Data to examine ▸
--------------------

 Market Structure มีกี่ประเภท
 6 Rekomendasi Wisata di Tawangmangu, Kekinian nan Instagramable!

--------------------

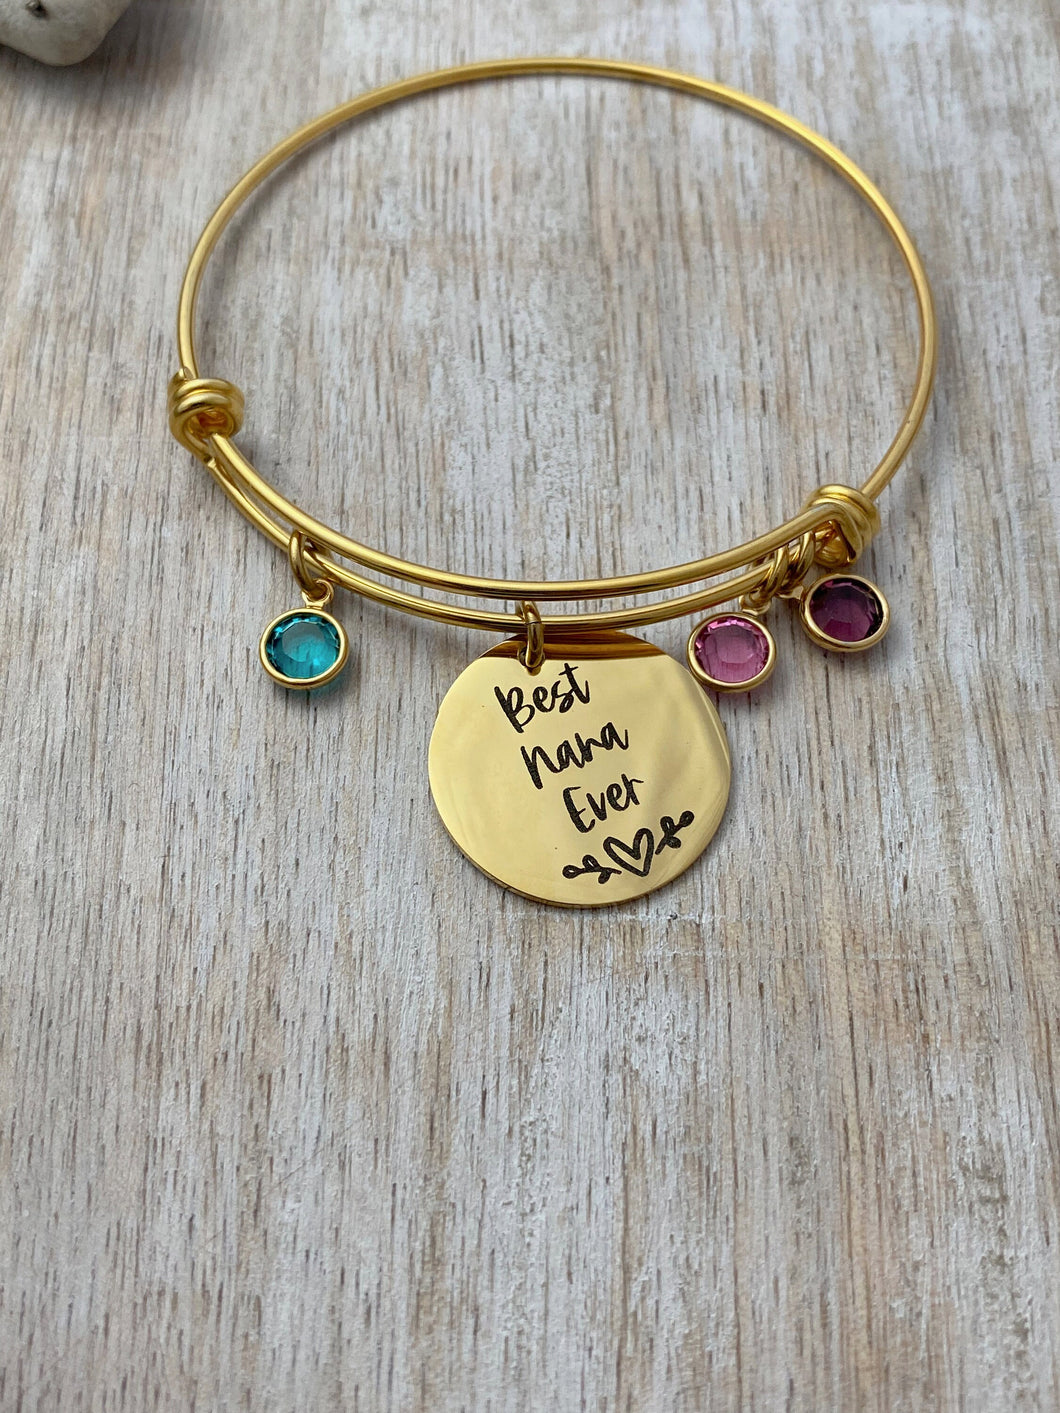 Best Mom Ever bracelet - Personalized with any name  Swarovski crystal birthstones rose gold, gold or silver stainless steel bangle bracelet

--------------------

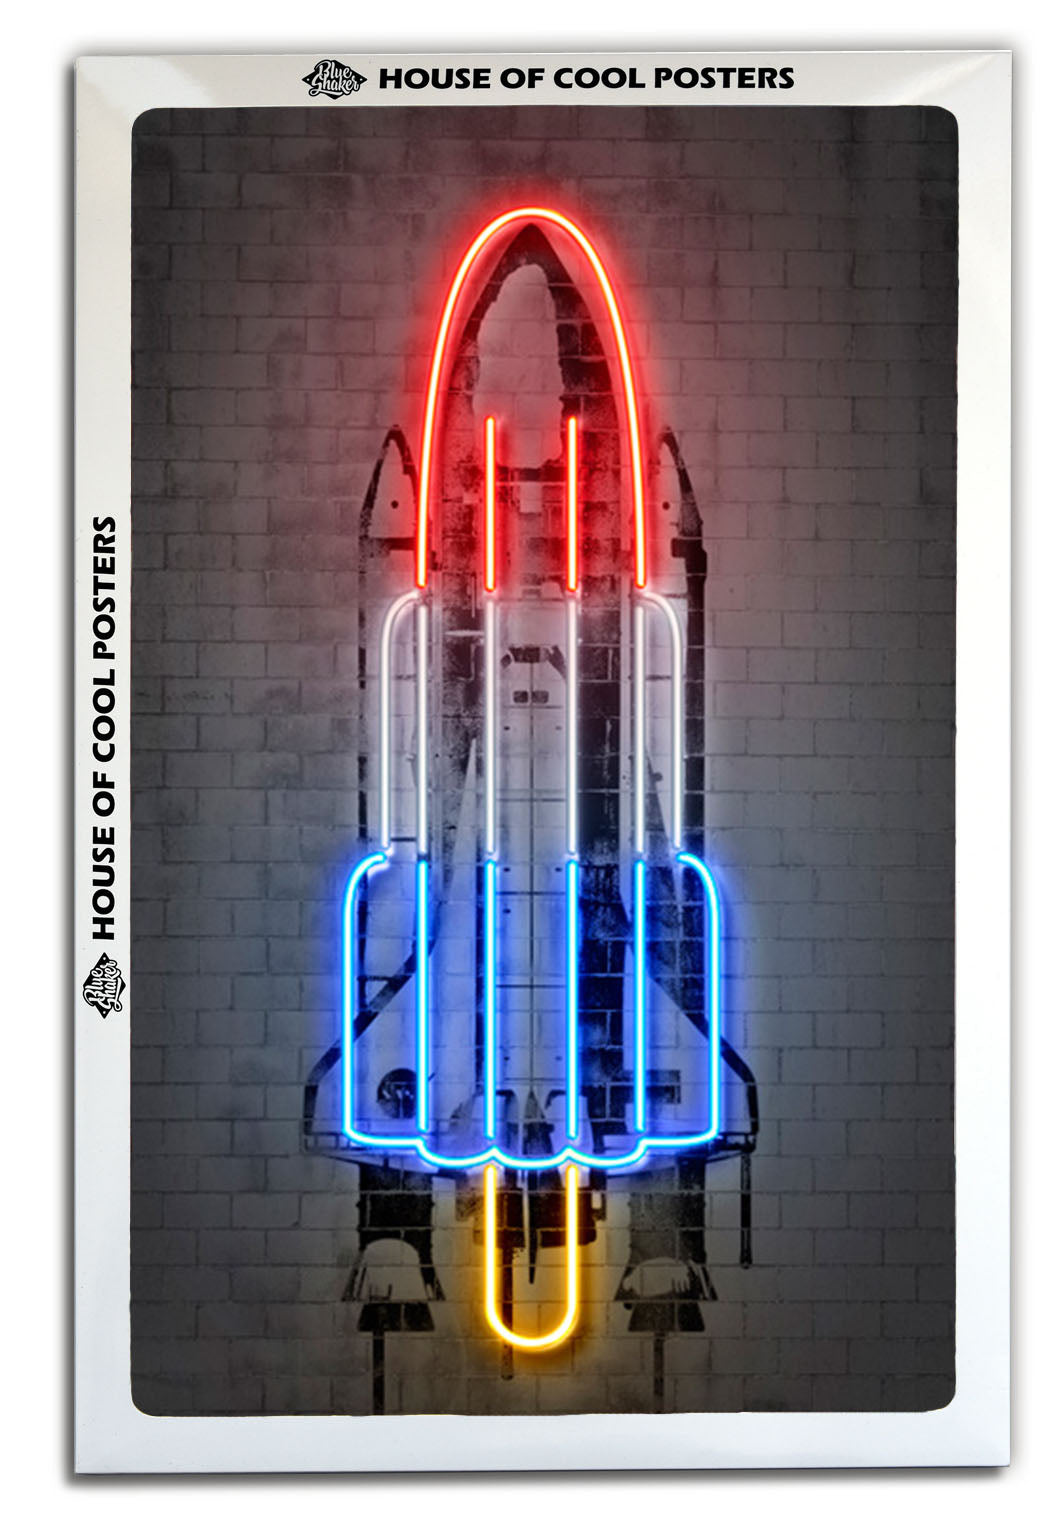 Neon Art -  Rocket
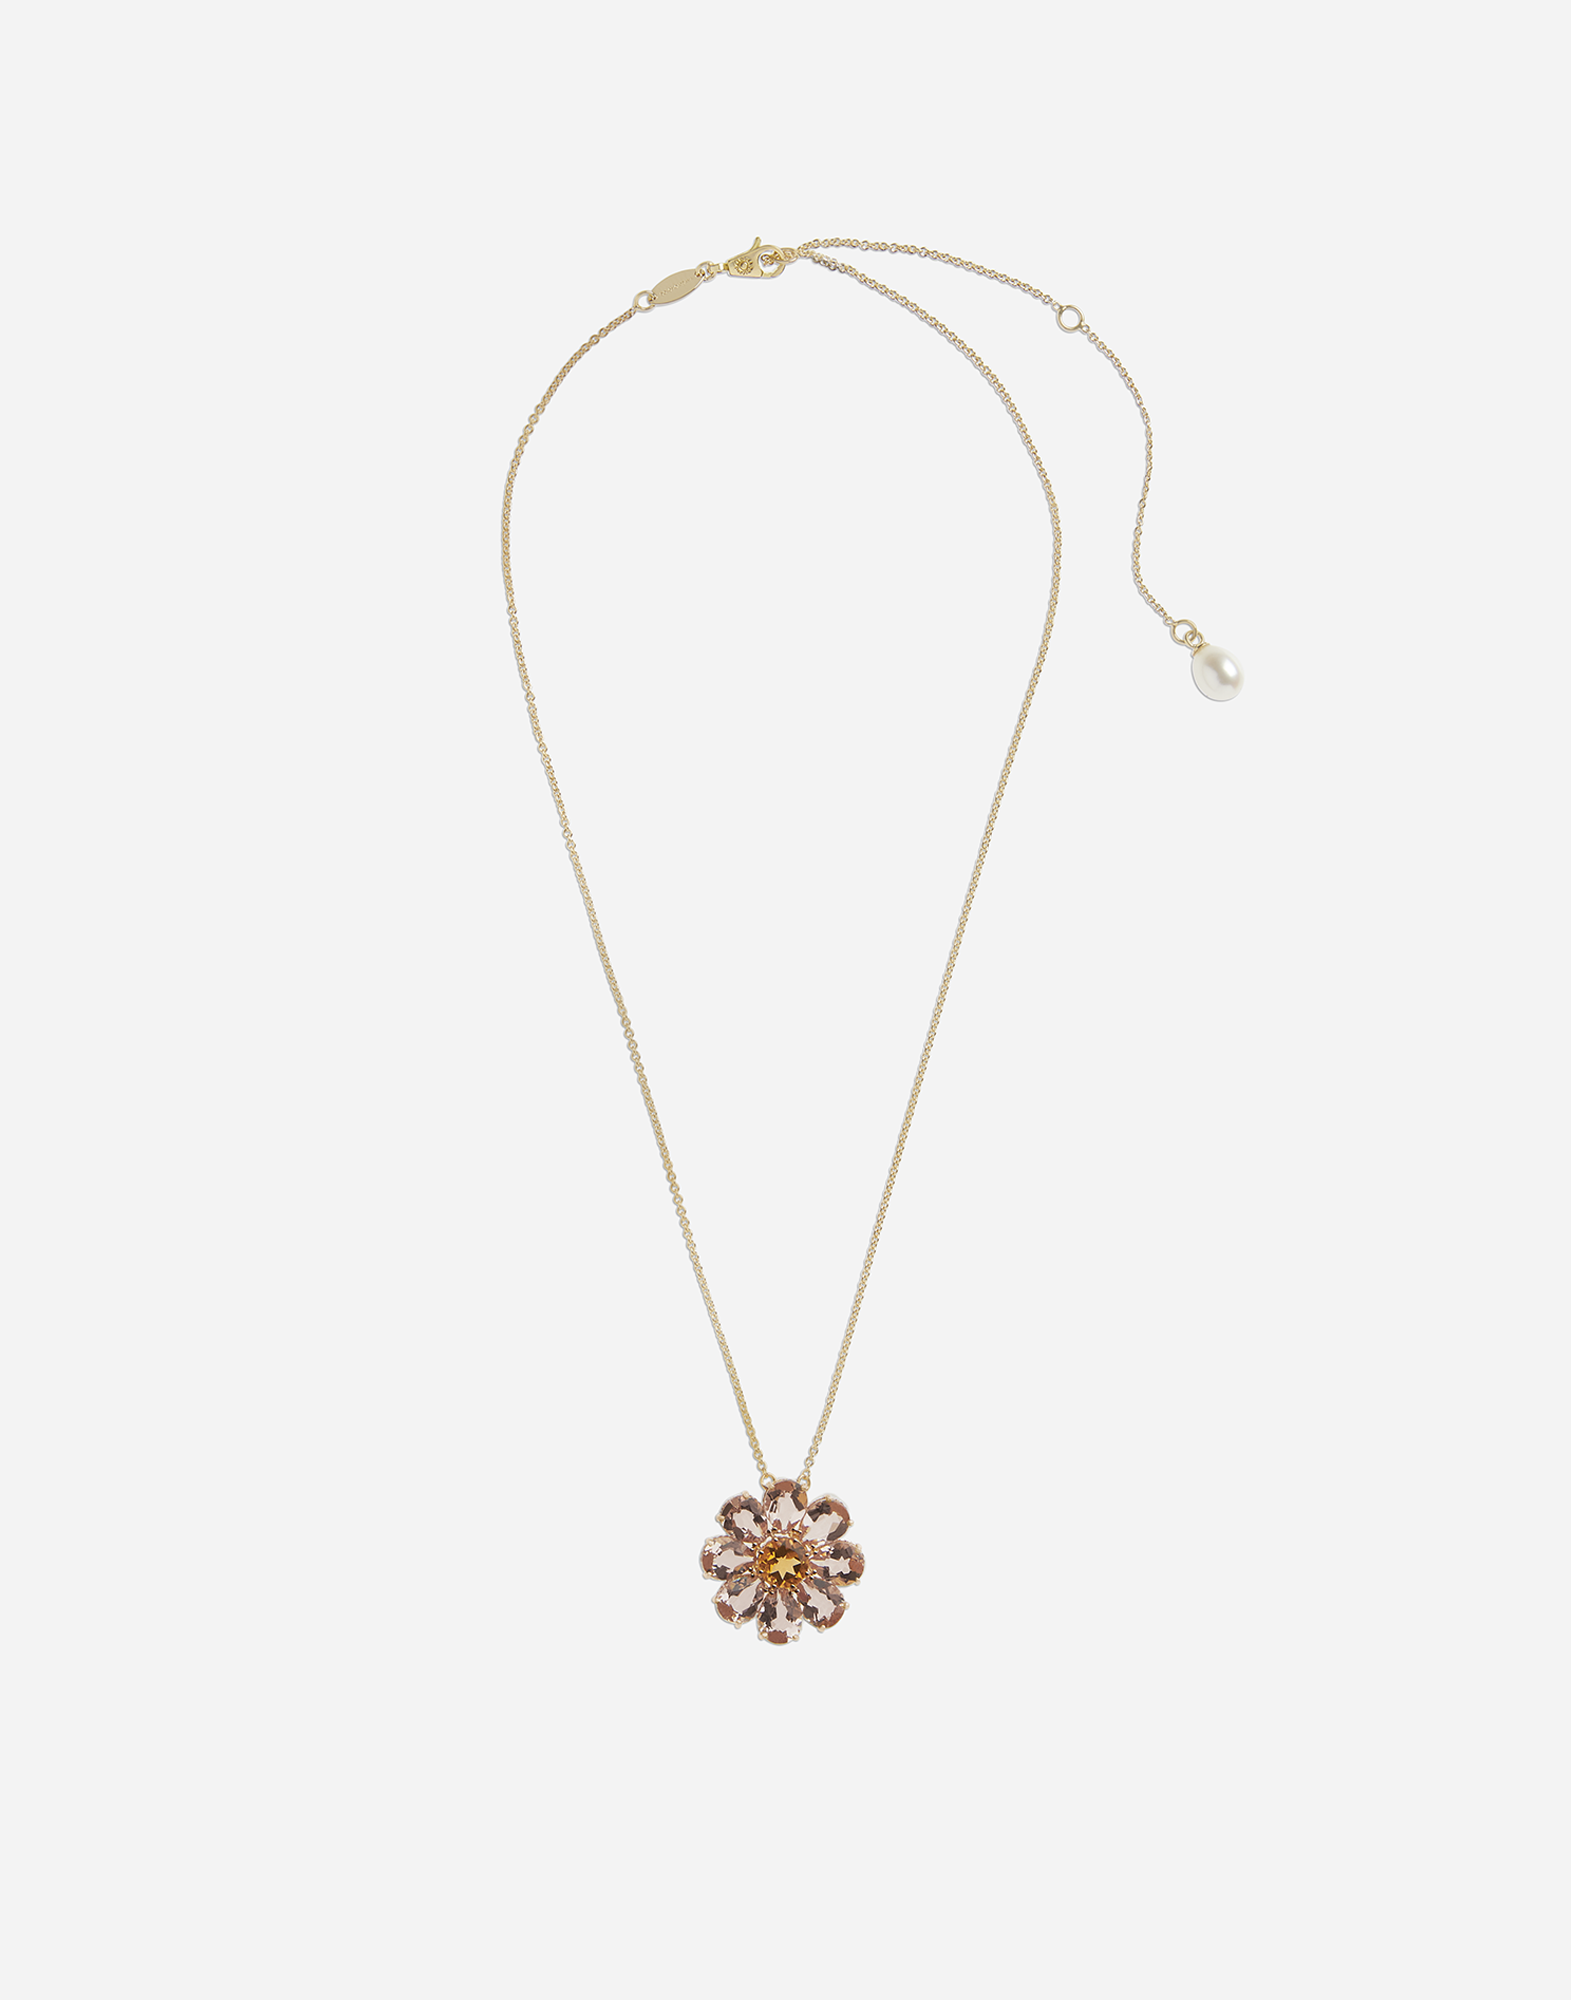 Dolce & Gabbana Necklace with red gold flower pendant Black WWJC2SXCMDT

--------------------

Task details ▸ Of the entries listed above, reproduce only the lines starting at the line containing "Market Structure มีกี่ประเภท" and ending at the line containing "6 Rekomendasi Wisata". Include both, exactly as they stand.

Expected answer ▸
 Market Structure มีกี่ประเภท
 6 Rekomendasi Wisata di Tawangmangu, Kekinian nan Instagramable!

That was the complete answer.